E così fece. Ogni giorno mi scriveva la sua giornata. Non era niente di particolare ma inizia a mettere alcuni cambiamenti.

La mattina doveva alzarsi alle sei e mandarmi i saluti. Appena arrivato al lavoro doveva mandarmi un messaggio per comunicarmelo. Quando andava in bagno doveva mandarmi un messaggio. A pranzo poteva mangiare solo verdura e doveva mandarmi le foto dei piatti per provarmelo. Poi la sera finito il lavoro doveva comunicarmelo.
Prima di andare a letto doveva scrivere cento volte “Devo essere mansueto con la Signora” ed ovviamente inviarmi il file.

Possono sembrare delle richieste stupide ma in realtà io entravo sempre di più nella sua vita quotidiana anche a distanza.

Ogni momento era segnato dalla mia presenza e dalla mia assenza nello stesso tempo.

Lo feci andare avanti per un mese in quelle condizioni finché pensai che era pronto.

“Buongiorno Signora”, mi salutò ancora più mansueto.

“Bravo”, gli risposi con un tono di voce caldo e sensuale.

Se ne stava davanti a me sull’attenti e con gli occhi bassi.

Io decisi di fargli il regalo che molti servi sognano.

“Ora puoi baciarmi i piedi”.

Sorrise e si inginocchiò davanti a me.

Gli concessi solo un bacio per ogni piede.

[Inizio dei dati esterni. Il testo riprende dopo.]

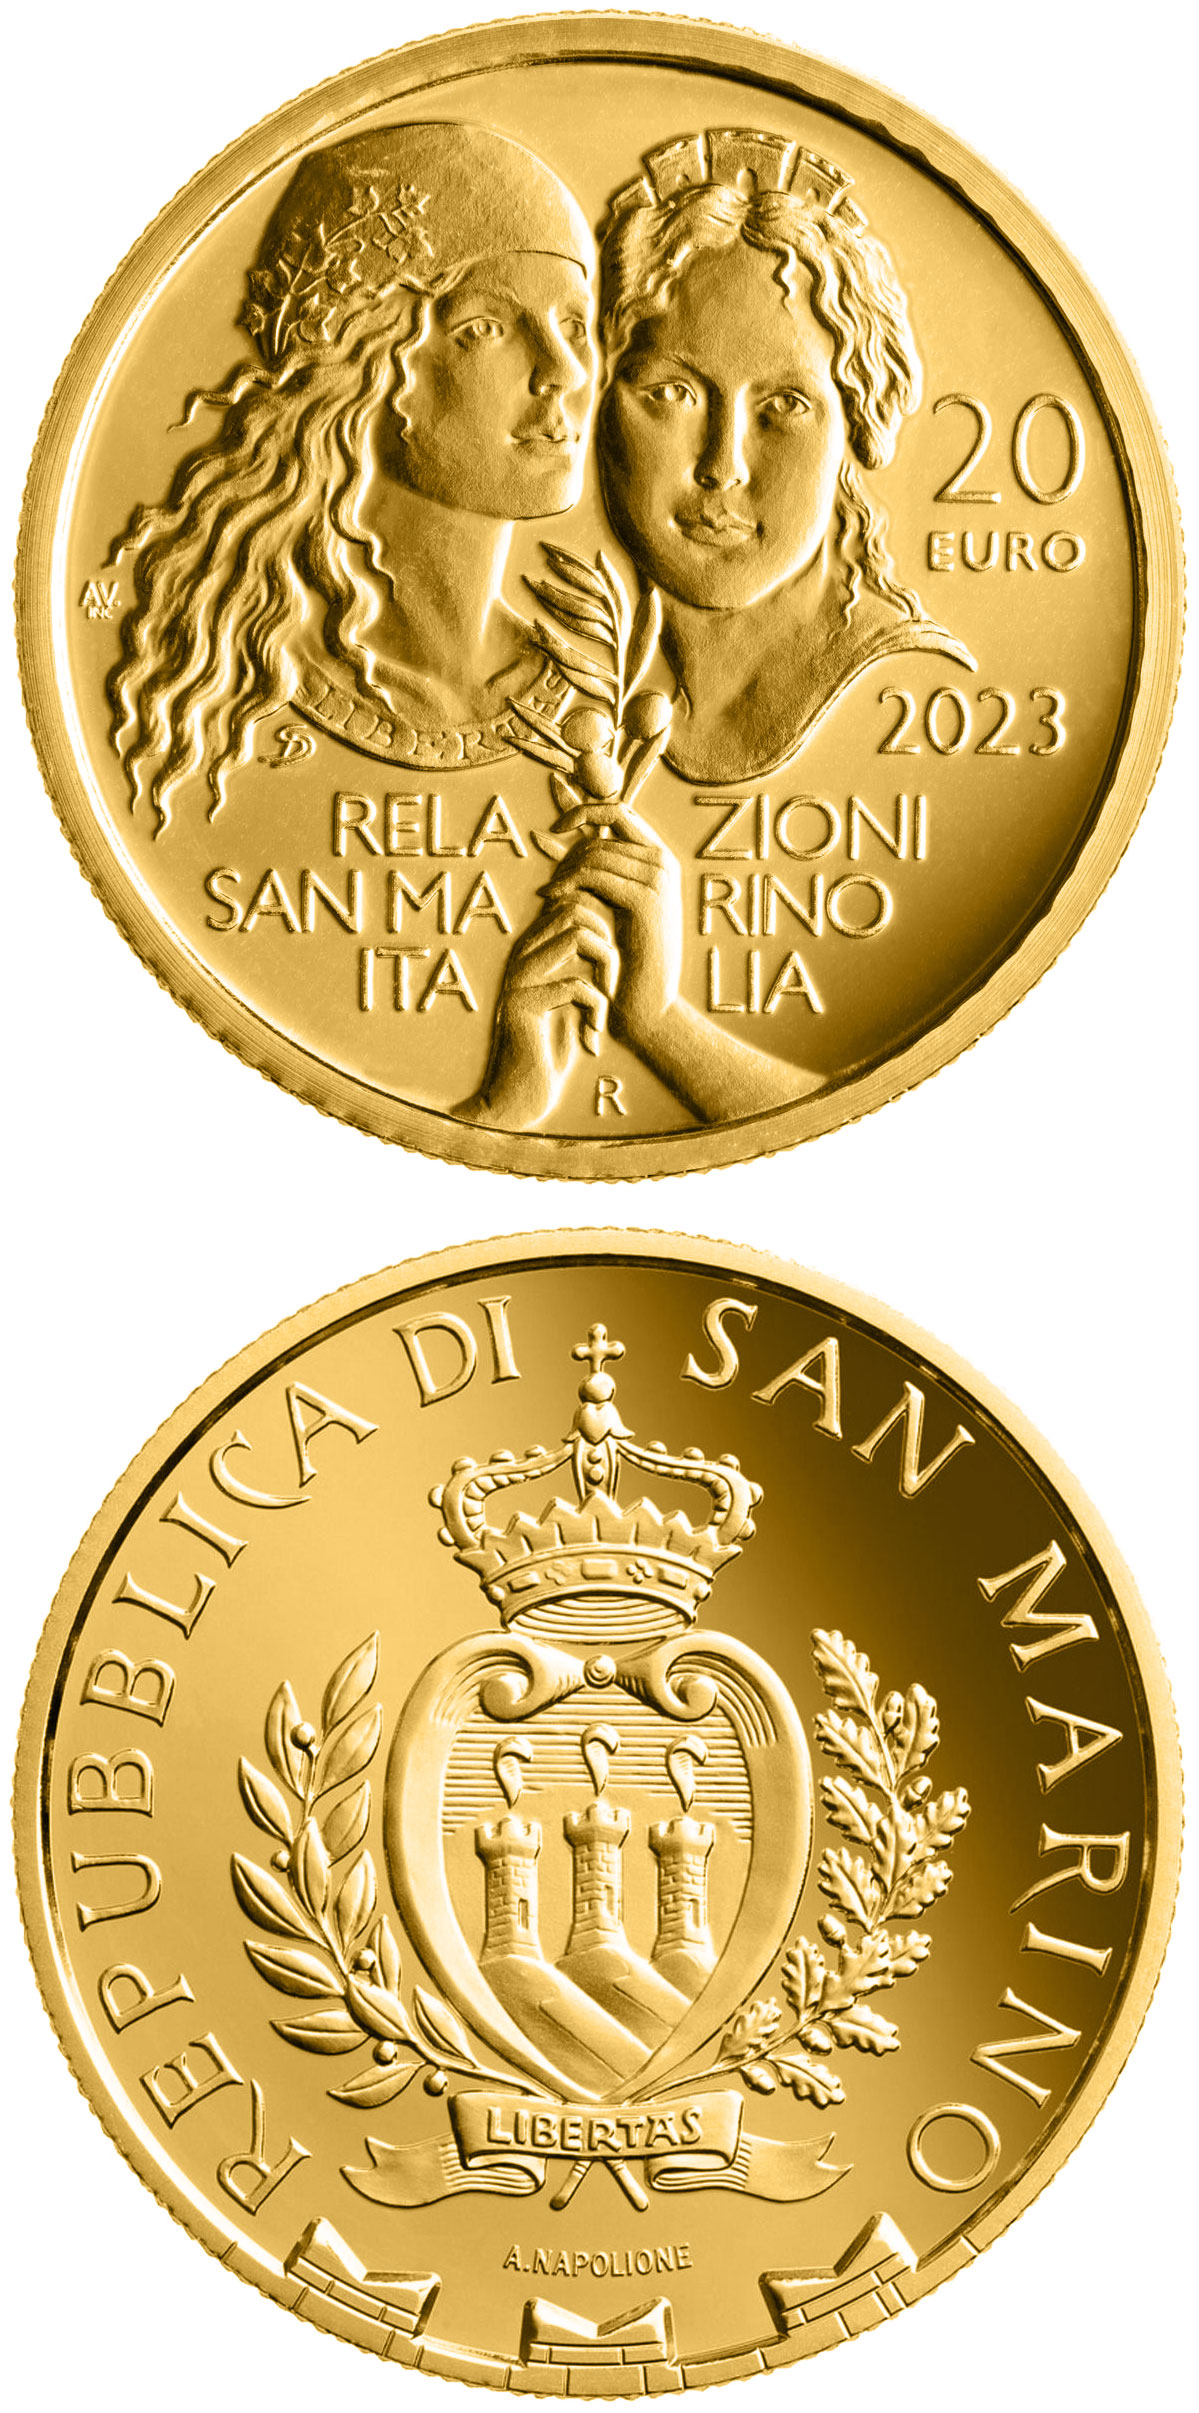 Image of 20 euro coin - Relations between San Marino and Italy | San Marino 2023.  The Gold coin is of BU quality.

Era già tanto onore per lui.

“Posso masturbarmi Signora?”, mi chiese con gli occhi imploranti.

“No”.

Non si toccò neanche perché ormai sapeva di dipendere da me.

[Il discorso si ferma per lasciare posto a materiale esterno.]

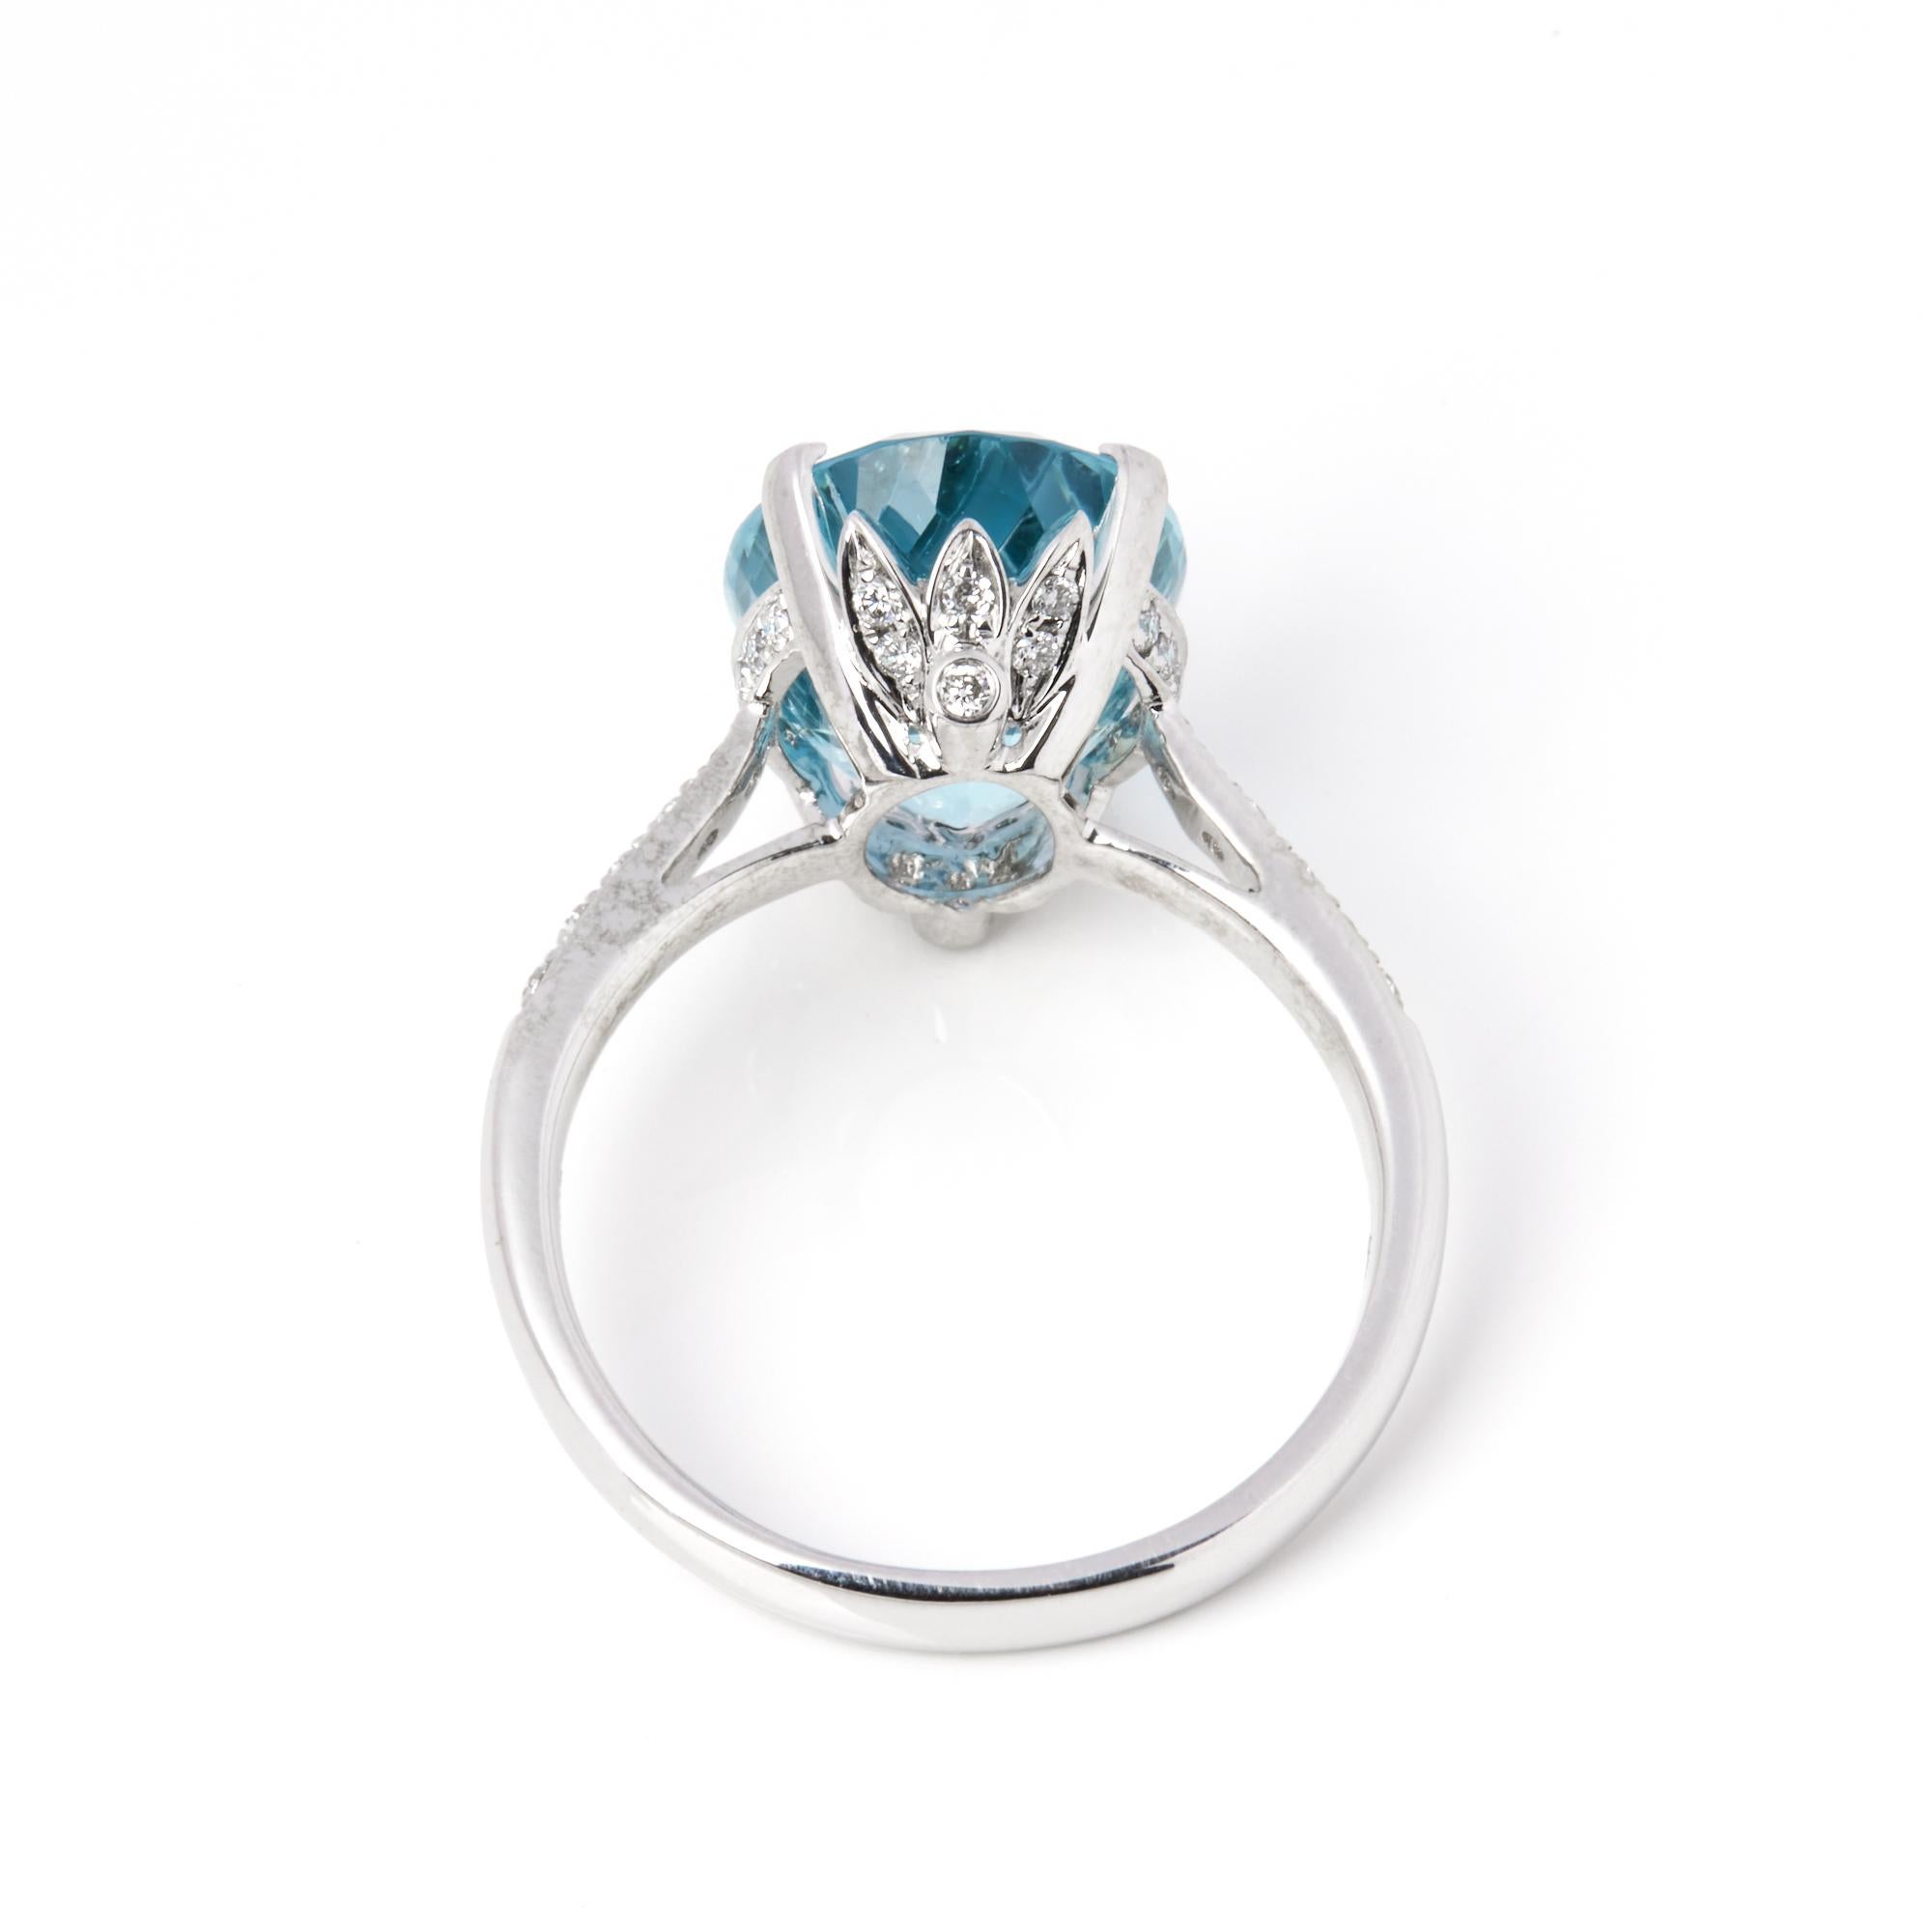 Contemporary David Jerome Certified 5.62ct Oval Cut Aquamarine and Diamond Ring For Sale

“Vuoi rimanere casto per me?”, gli sussurrai nell’orecchio.

“Sì Signora”, mi rispose deciso.

Presi la cintura di castità che avevo comprato per lui e gliele feci indossare.

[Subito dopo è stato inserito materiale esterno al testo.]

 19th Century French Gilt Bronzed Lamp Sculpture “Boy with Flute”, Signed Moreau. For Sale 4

Accettò senza resistenza quasi inebetito di fronte a me.

Ora la sua mascolinità era nella mie mani e solo io potevo decidere se e quando avrebbe avuto piacere.

Gli insegnai che doveva soffrire per me. Lo feci svestire e sdraiare per terra con la schiena nuda sul pavimento.

Mi misi su di lui a cavalcioni ed incominciai a giocare con la mia vagina sul suo pene in gabbia. Le mutandine che la coprivano strusciavano sulla gabbietta e lui incominciava a sentire piacere e dolore. Il suo membro si rizzava ma inevitabilmente si scontrava con la costrizione a cui era obbligato.

“Ti piace servetto?”, gli chiese con voce calda e sensuale.

“Sì Signora, ma mi fa anche male”, mi rispose ansimando.

“Devi abituarti al dolore”, replicai con evidente sadismo.

Andai avanti a dondolarmi per quasi mezz’ora mentre le mie unghie graffiavano il suo petto e le mie dita giocavano con i suoi capezzoli.

Ansimava e gemeva mentre io mi ero messa anche a giocare con le mani sulla sua gabbietta. Il suo membro s’ingrossava ma inevitabilmente si ritraeva. Il dolore maggiore era quando sentiva la pelle delle mie mani che si poggiava quasi impercettibilmente su di esso attraverso i buchi che lo lasciavano respirare.

Volevo che raggiungesse la perfezione perché per me esigo sempre il meglio.

Da quel momento ogni singolo aspetto della sua vita divenne regolato da me. Non aveva alcuna autonomia salvo quella di utilizzare ogni singolo neurone per pensare cosa fosse meglio per me e come poteva servirmi.

Divenne lo schiavo quasi perfetto, eunuco e desideroso di compiacermi in continuazione.

Non aveva più una sua personalità ma era ormai solo un ombra che mi seguiva a mio comando.